Goal at test time: also apply it to moving people, not just static people. To improve for this, also take into account a mask that shows where the humans are and a depth from flow estimation (obtained from having a video, not only a static image).
SG-NN: Self-supervised scan completion [Dai et al. ‘20]
Mentioned before [[09 - Reconstructing and Generating Scenes#SG-NN Self-supervised Scan Complete Dai et al ‘20|in Lecture 9]]. This also uses self-supervision to complete scans, while having only a dataset of incomplete scans, by learning how to go from less to more complete.
PointContrast [Xie et al. ‘20]
Goal: semantic understanding of point clouds. Pretrained on large unannotated dataset, fine-tuned on small dataset.
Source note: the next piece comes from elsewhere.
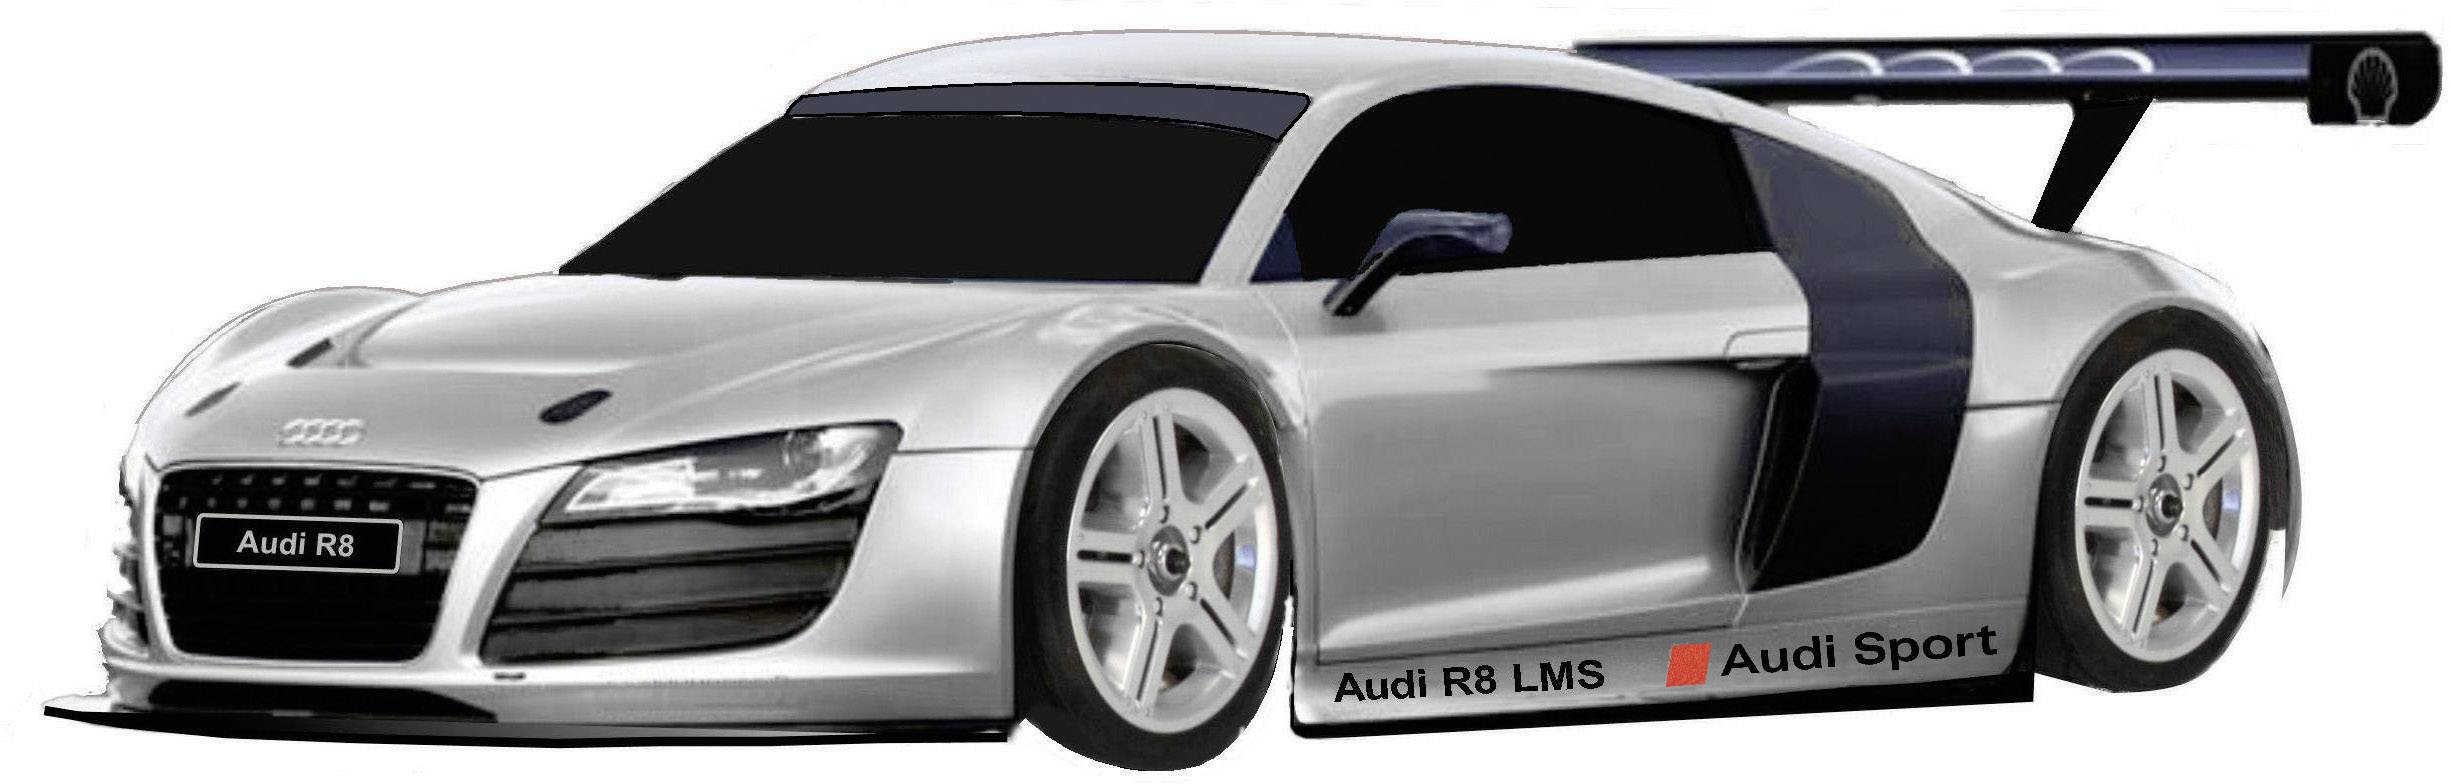 Karoséria Reely Audi R8 LMS 237993 1:10, lakovaná a polepená

These idea come from similar ideas in 2D representation learning:
Excursion: 2D Representation Learning
SimCLR [Chen et al. ‘20], MoCo [He et al. ‘20]. Use contrastive loss function to learn a representation where similar things are close, and dissimilar things are far away from each other. Compare with [[09 - Reconstructing and Generating Scenes#RetrievalFuse Siddiqui et al ’21|RetrievalFuse]], where a similar concept and loss were used.
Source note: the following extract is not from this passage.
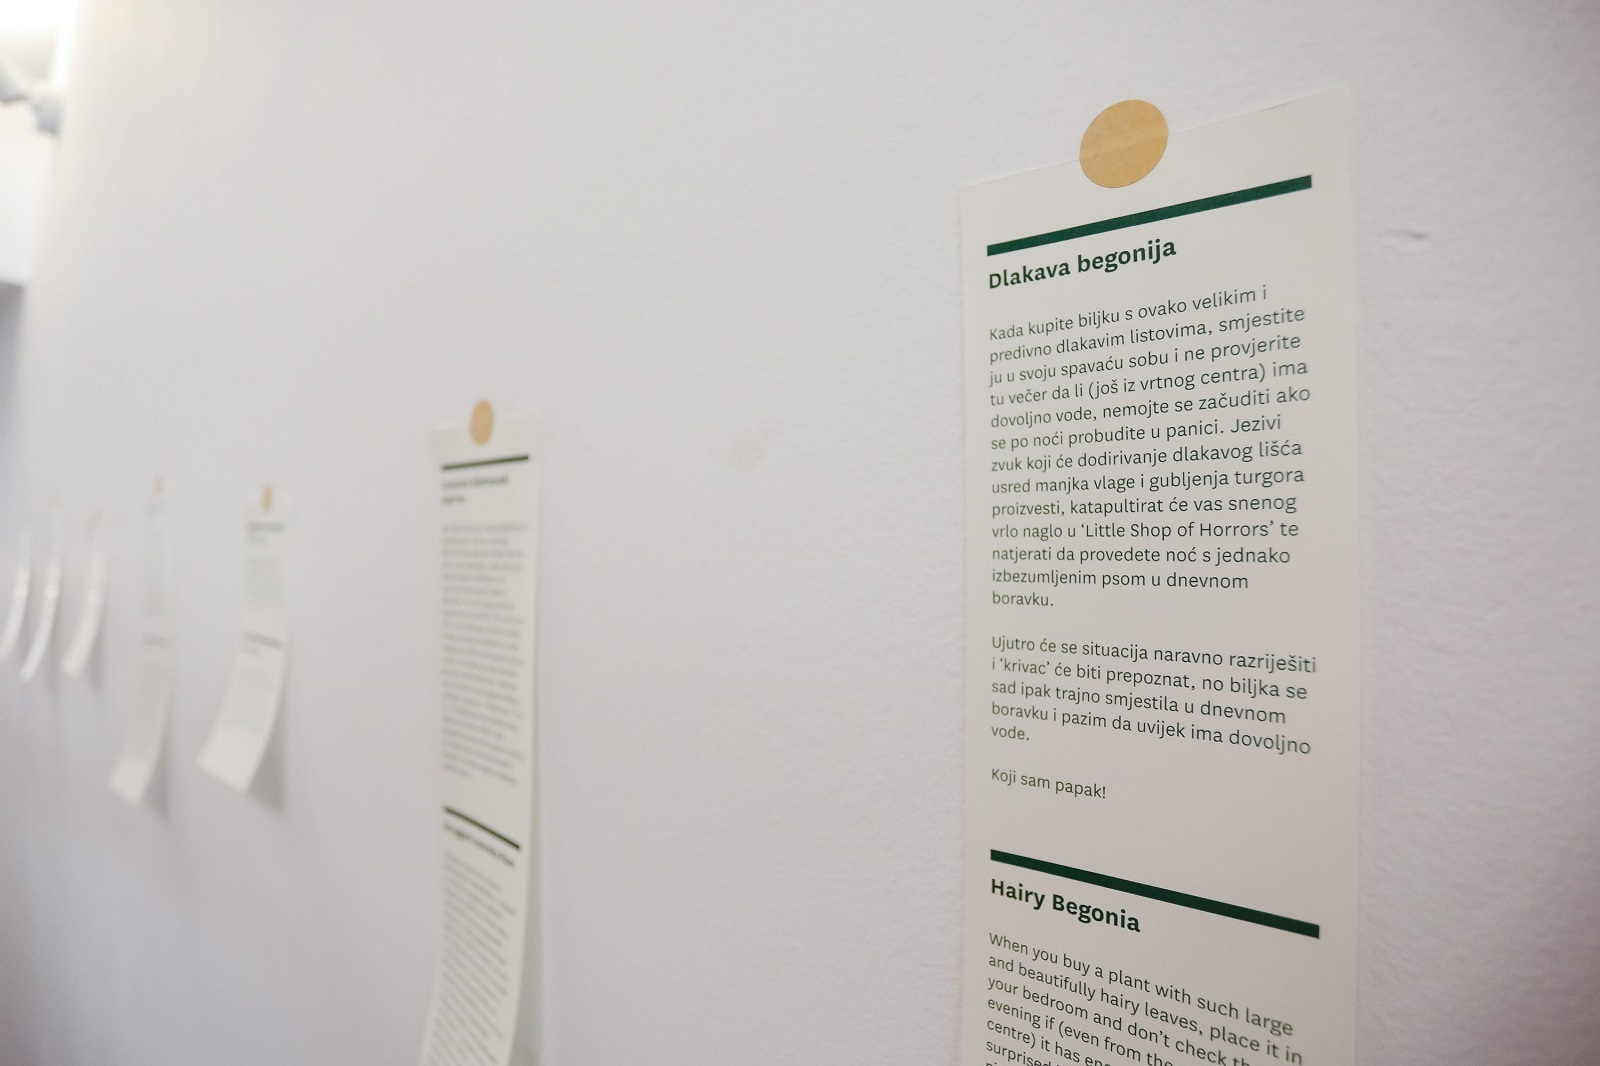 Zagreb, 290720. Cirilometodska ulica. Hotel za biljke otvoren je u sklopu Muzeja prekinutih veza.  Na fotografiji: zelene price.  Foto: Marko Todorov / CROPIX

The supervisory signal here is that we can generate more data samples we know to be similar by data augmentation (If you have an image of a cat and do some cropping and resizing, you know it’s still an image of a cat; so make sure that the model learns this).
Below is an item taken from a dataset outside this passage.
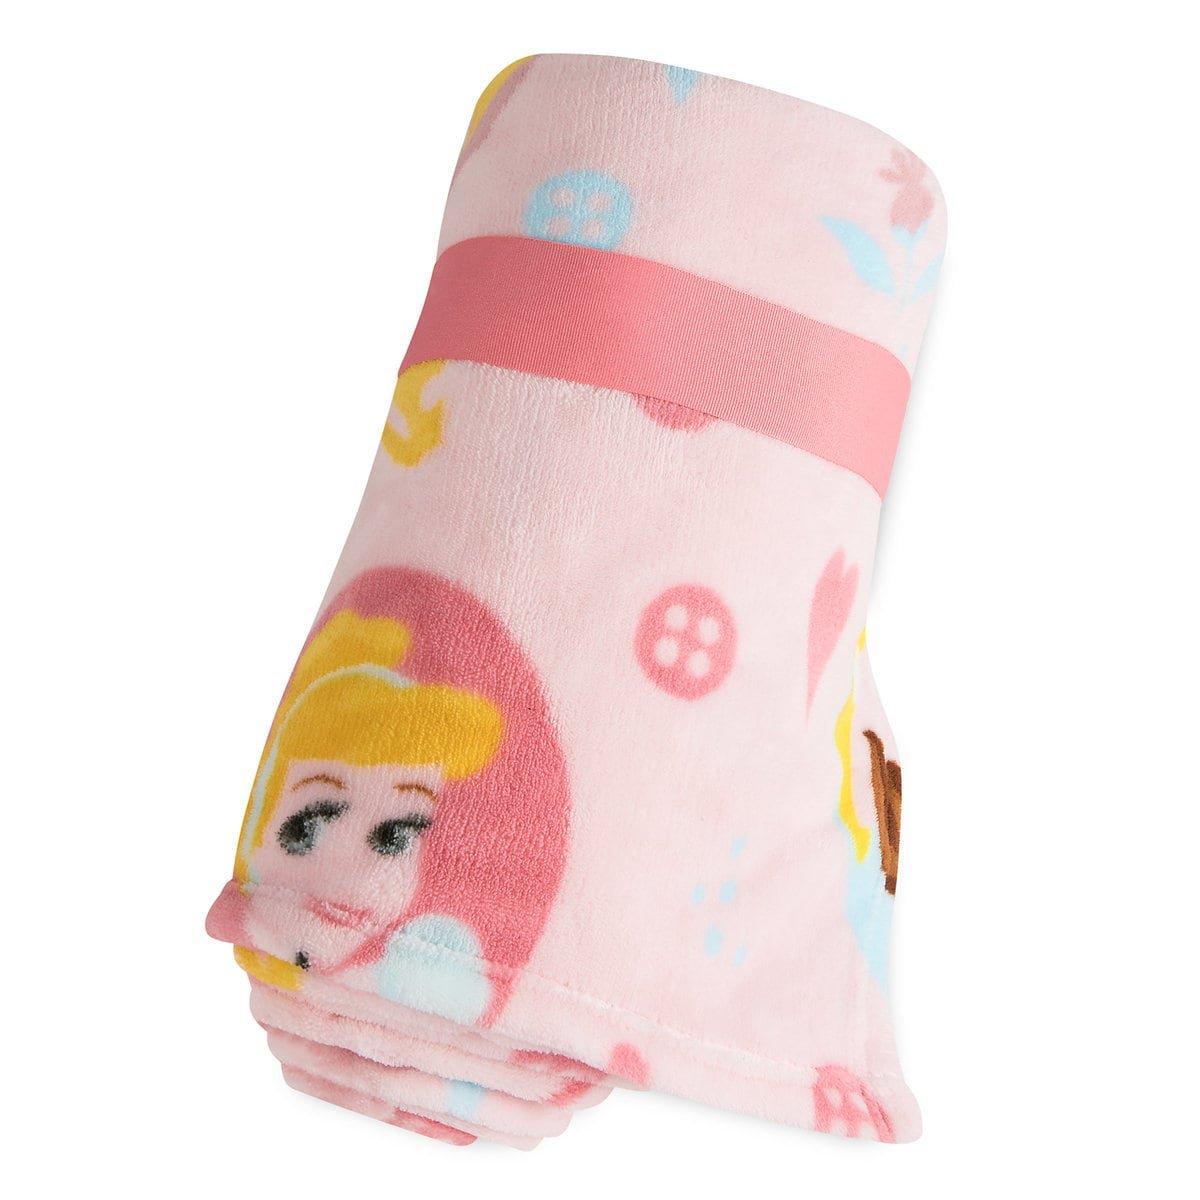 Disney Store Princess Belle Cinderella Sleeping Beauty  Pink Fleece Throw Blanket 2018

Similar ideas used in PointContrast
In 3D, we can even use more augmentation techniques related to multi-view constraints. So pretrain the model to be able to recognize originally close points in 2 images of the same 3d scene as similar, and far away points as dissimilar.
Data Efficient 3D Scene understanding [Hou et al. ‘21]
Extension of the previous PointContrast idea. Partition the scene into smaller regions, apply the contrastive loss in each region separately. This allows to get more performance out of using more sample points (while performance of the vanilla PointContrast approach saturates).
After the pretraining, train on limited number of fully-labeled scenes and on all scenes with limited point labeling budget (this would be suited to active labeling; not actually used here though).
Domain Adaption
Scenario: Much labeled data in one domain, but much less in a second domain. One example: synthetic domain (object annotations for free) <-> real domain (annotations expensive).
Common tasks approached: semantic segmentation, object detection.
Excursion: Domain adaption in the 2D domain
CyCADA: Cycle-Consistent Adversarial Domain Adaption [Hoffman et al. ‘18]
Adapt between synthetic GTA images and real CityScapes images of cars on roads.
GAN: Generator should stylize the source image similar to the target image. Discrimnator tries to tell apart the images and also the extracted features. The source image and stylized source image should have semantically consistent features. Then goal: be able to use the same feature extractors from the source domain on the target domain.
Domain Adaption in 3D
No details here, but the same thing as for 2D applies: We have synthetic data that is labeled already, and want to use it for pretraining and then be able to apply the models to real data.